• Problem description
Below, find the line containing "Erasmusuitwisselingen zijn er" and the line containing "Lemolloillahee O.A. Lodge"; reproduce exactly those two and every line between them, omitting pictures.

• Task inputs
++++++++

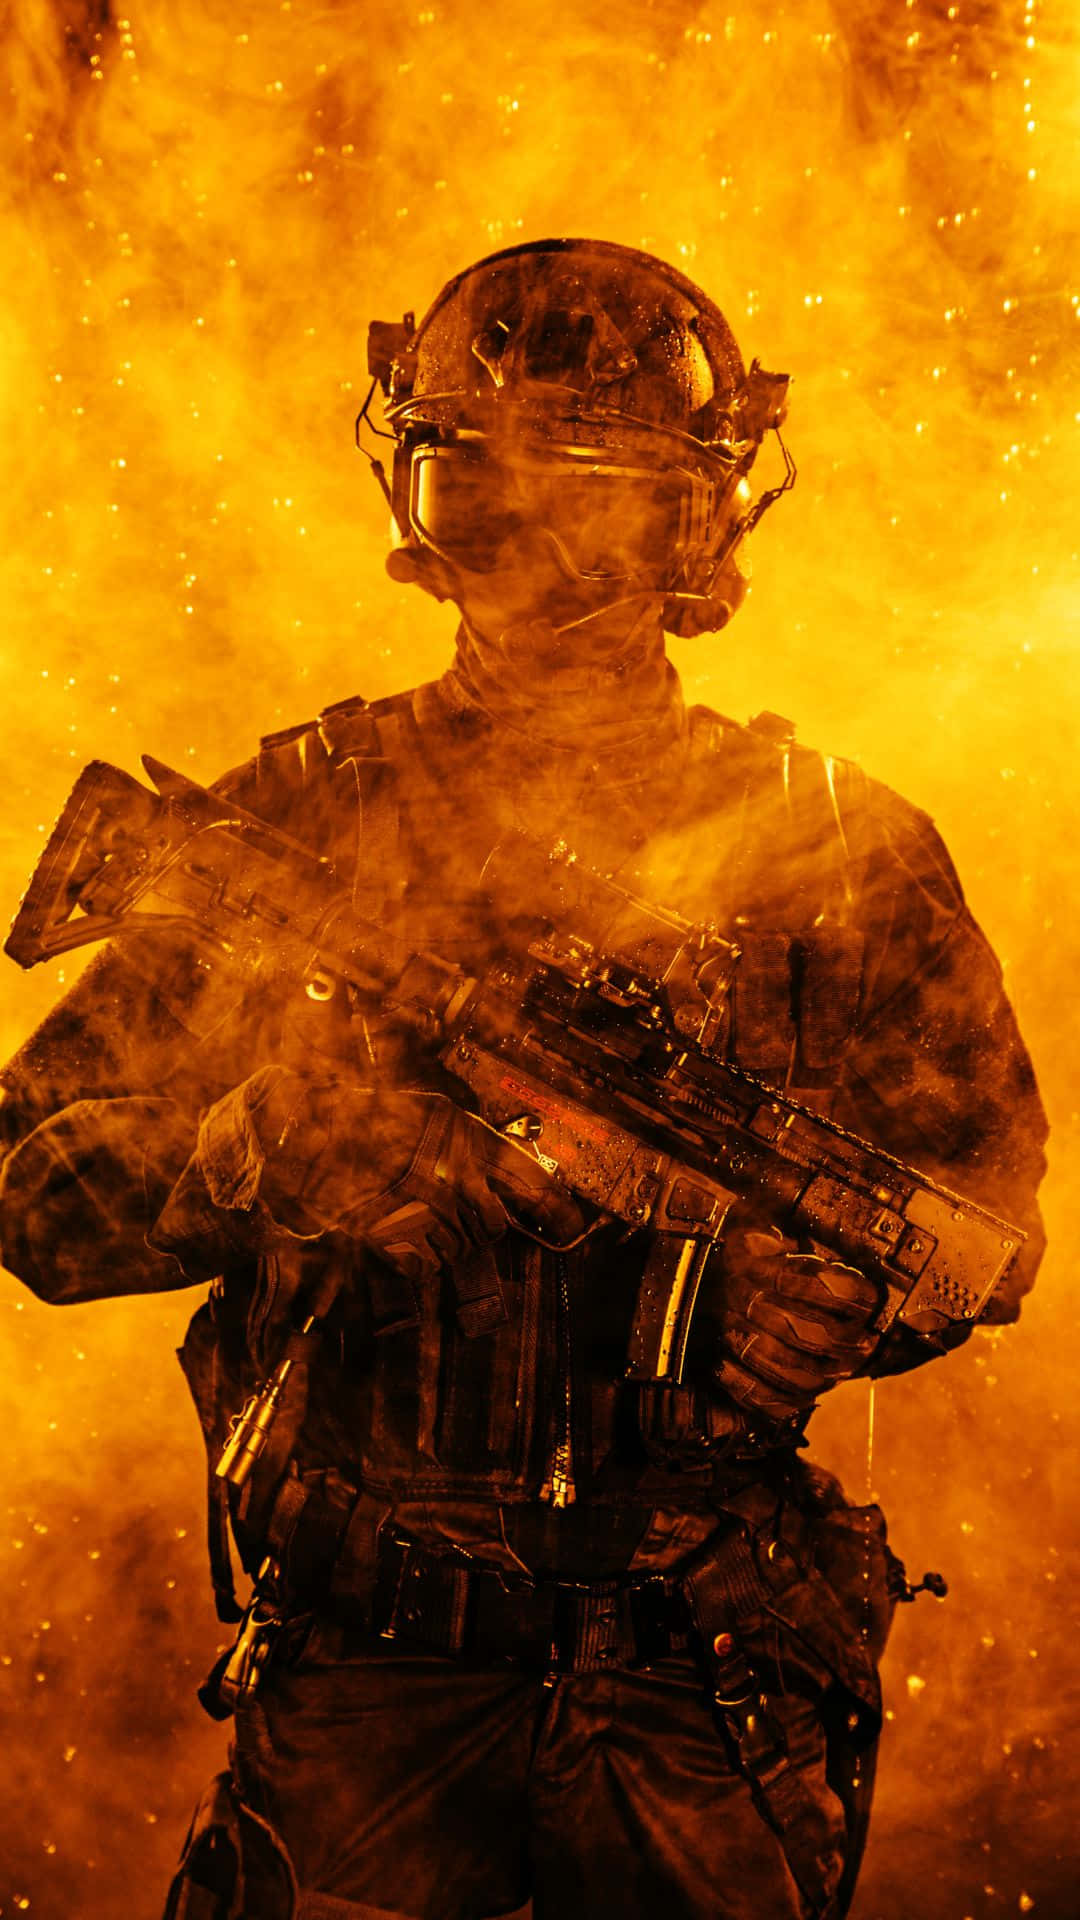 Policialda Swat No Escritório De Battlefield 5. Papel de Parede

++++++++

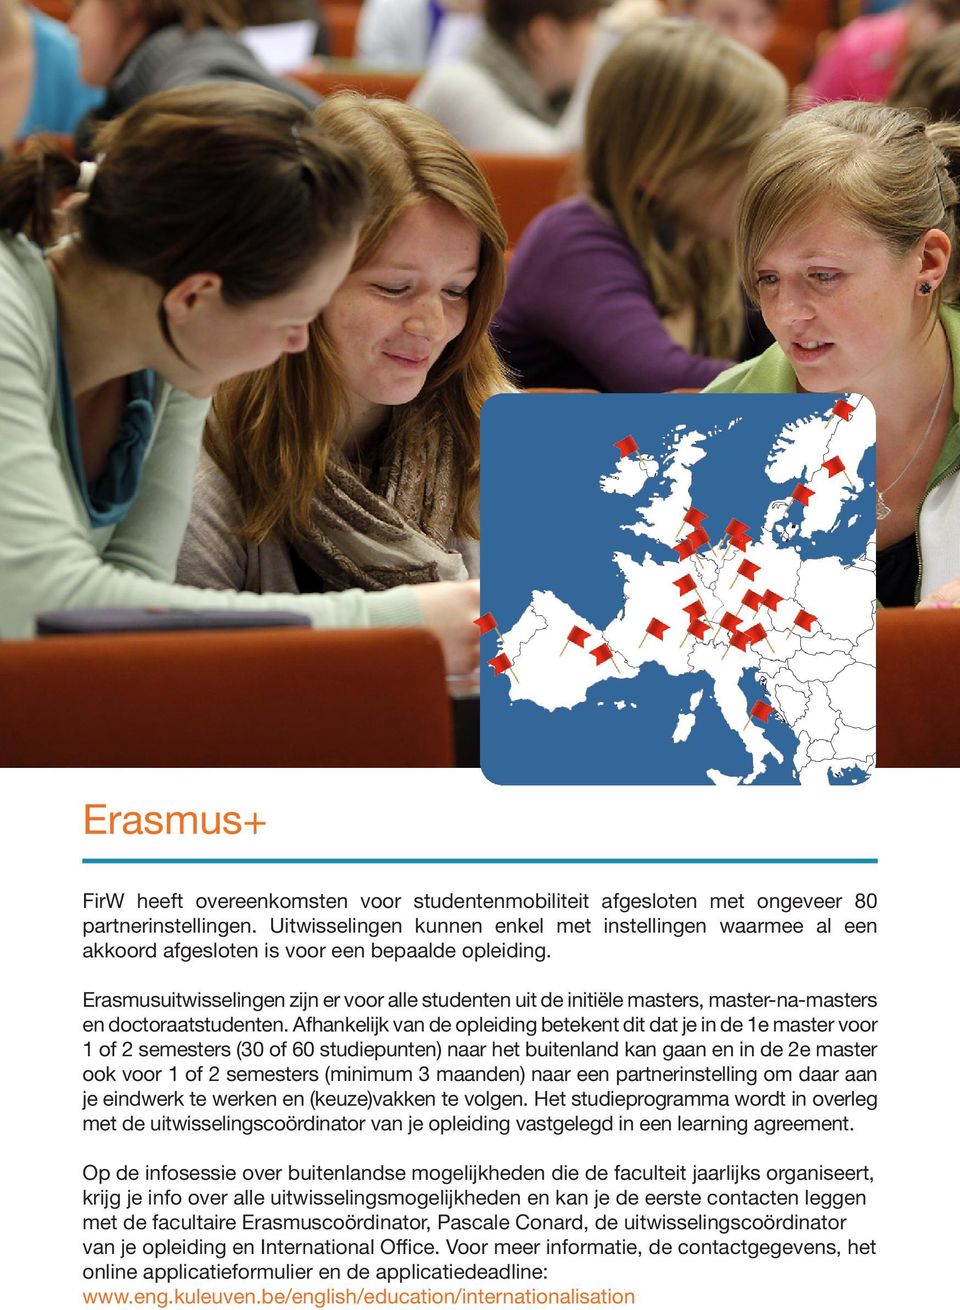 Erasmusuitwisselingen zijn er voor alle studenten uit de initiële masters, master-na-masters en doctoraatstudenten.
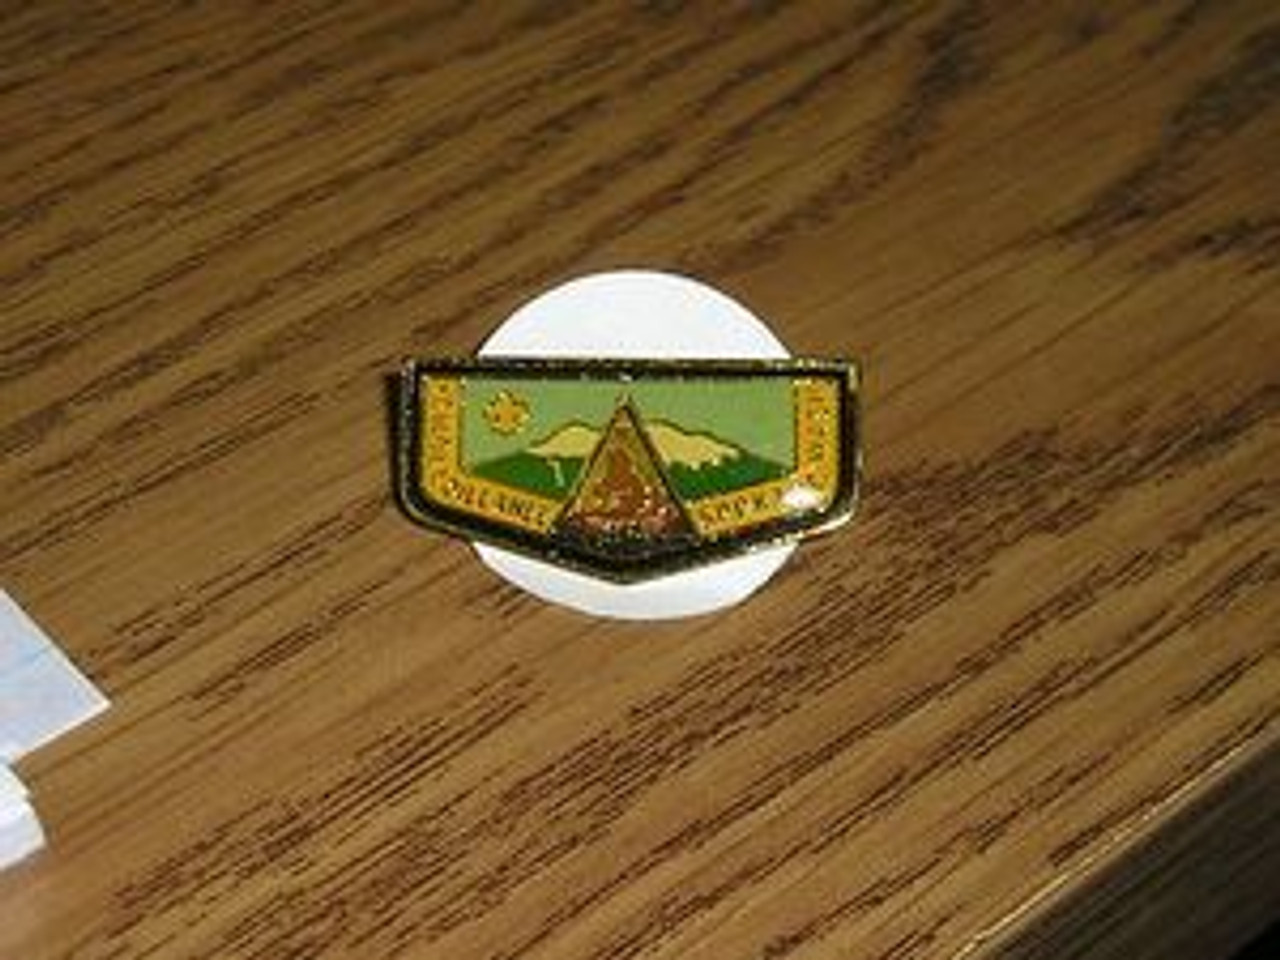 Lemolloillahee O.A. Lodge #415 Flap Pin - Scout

++++++++

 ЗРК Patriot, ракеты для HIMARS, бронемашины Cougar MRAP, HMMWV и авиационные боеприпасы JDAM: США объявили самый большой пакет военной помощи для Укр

++++++++

• Output for this task
 Erasmusuitwisselingen zijn er voor alle studenten uit de initiële masters, master-na-masters en doctoraatstudenten.
 Lemolloillahee O.A. Lodge #415 Flap Pin - Scout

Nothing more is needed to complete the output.